### Exercise goal
Reproduce word for word every line from the one containing "#Colorsgujarati #Gujarat #Quiz" through the end of the listing below; omit the pictures.

### Supplied information
= = = = = = =

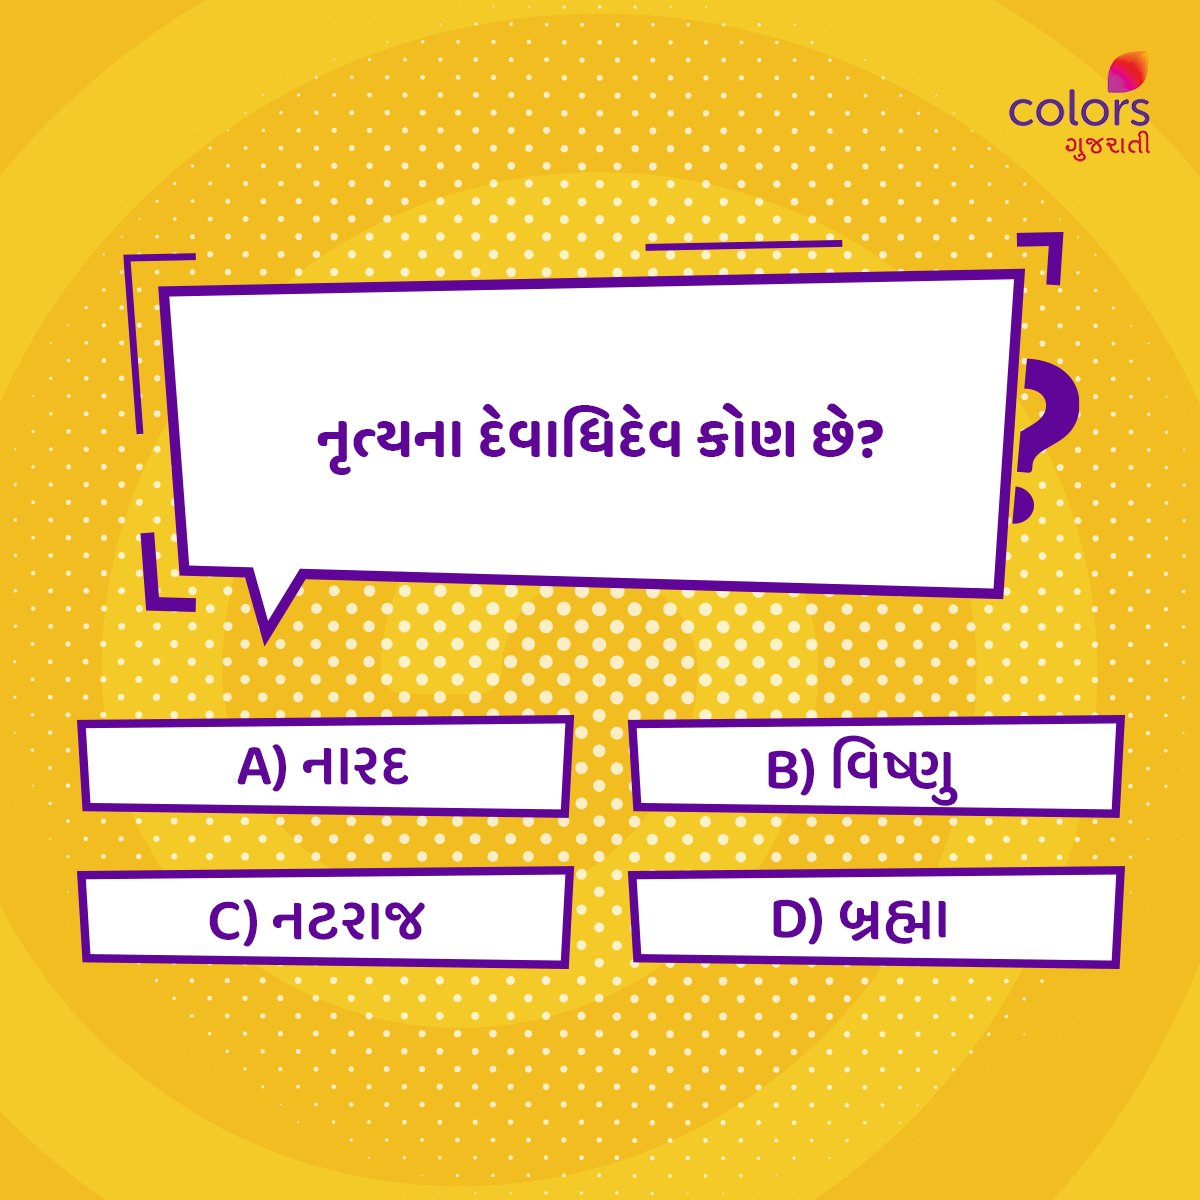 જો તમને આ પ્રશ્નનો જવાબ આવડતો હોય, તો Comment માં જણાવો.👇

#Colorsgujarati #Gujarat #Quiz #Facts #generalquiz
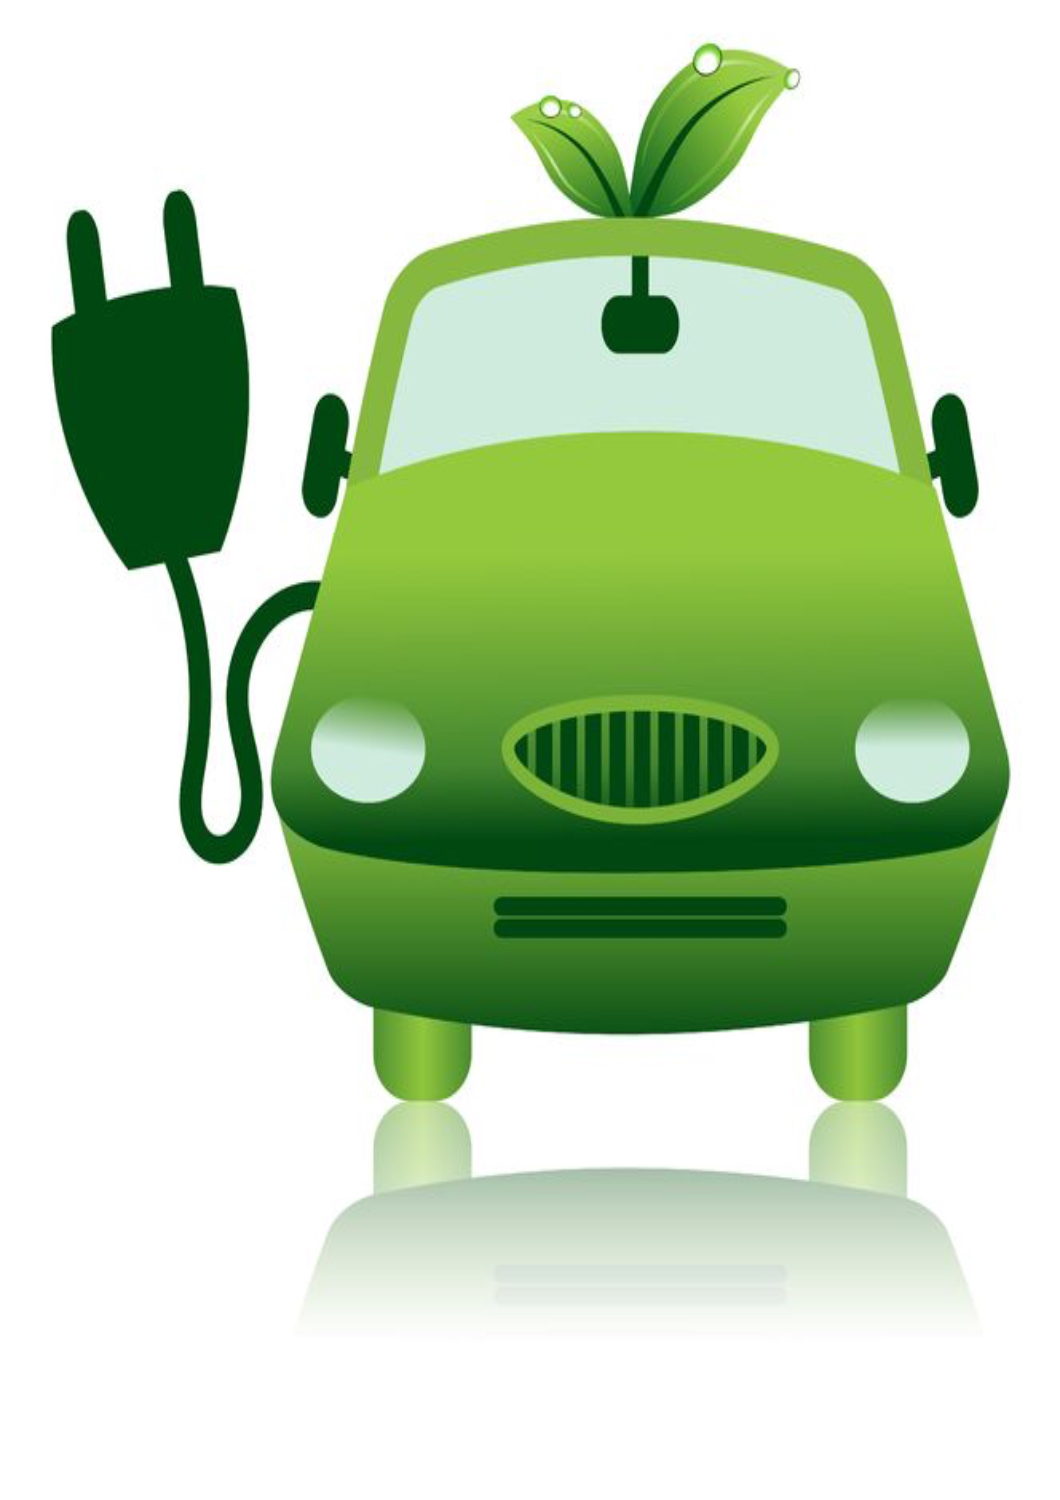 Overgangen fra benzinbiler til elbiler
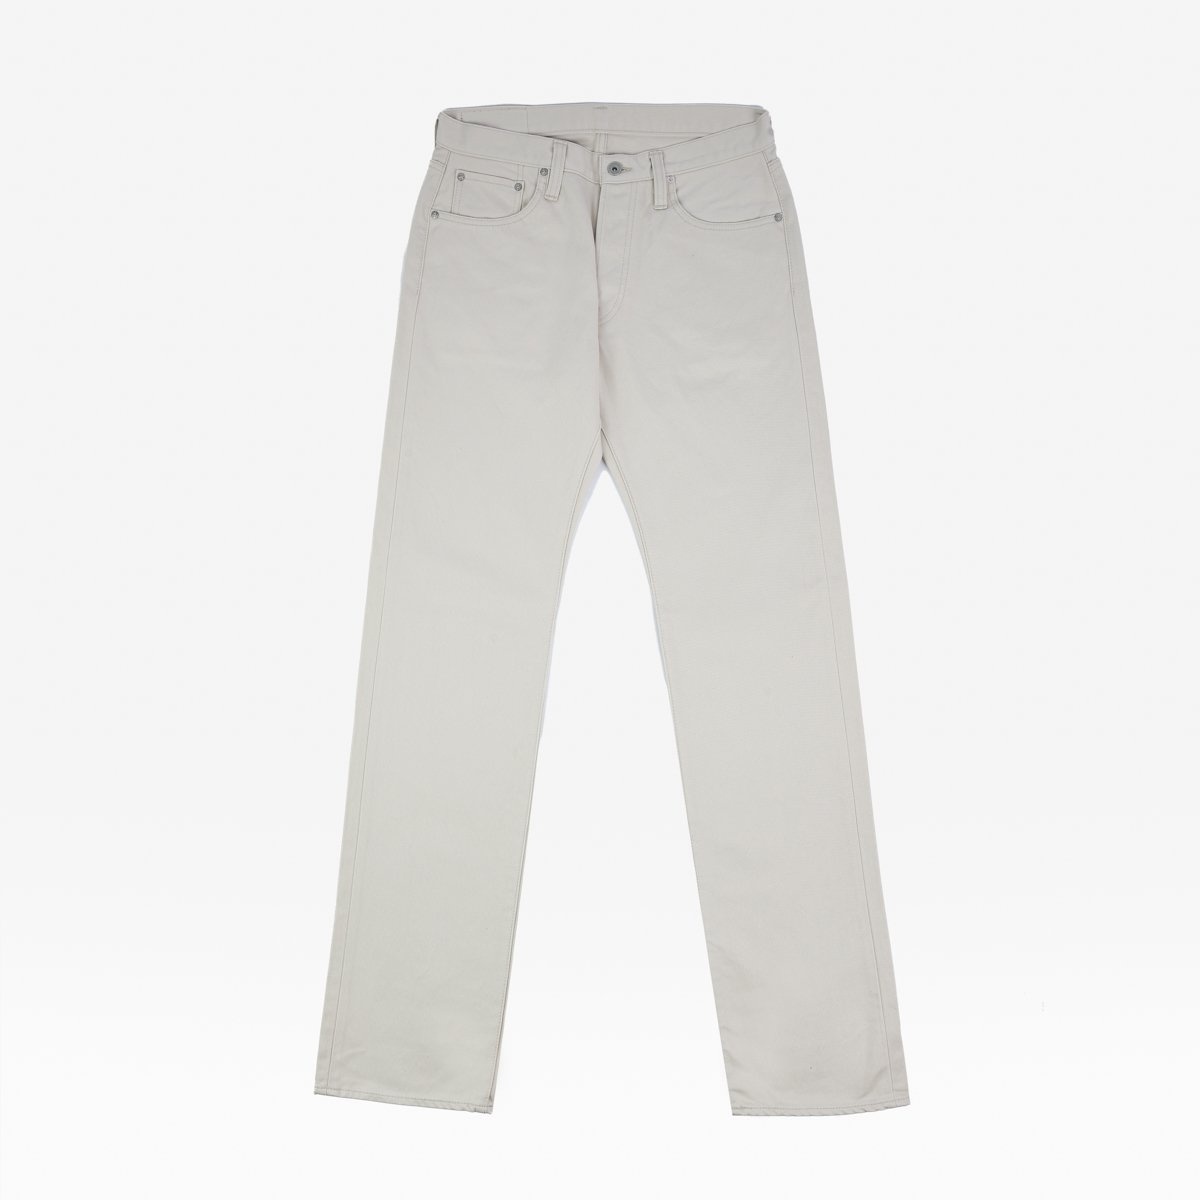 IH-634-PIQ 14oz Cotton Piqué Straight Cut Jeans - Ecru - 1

= = = = = = =

### Answer to this problem
#Colorsgujarati #Gujarat #Quiz #Facts #generalquiz
 Overgangen fra benzinbiler til elbiler
 IH-634-PIQ 14oz Cotton Piqué Straight Cut Jeans - Ecru - 1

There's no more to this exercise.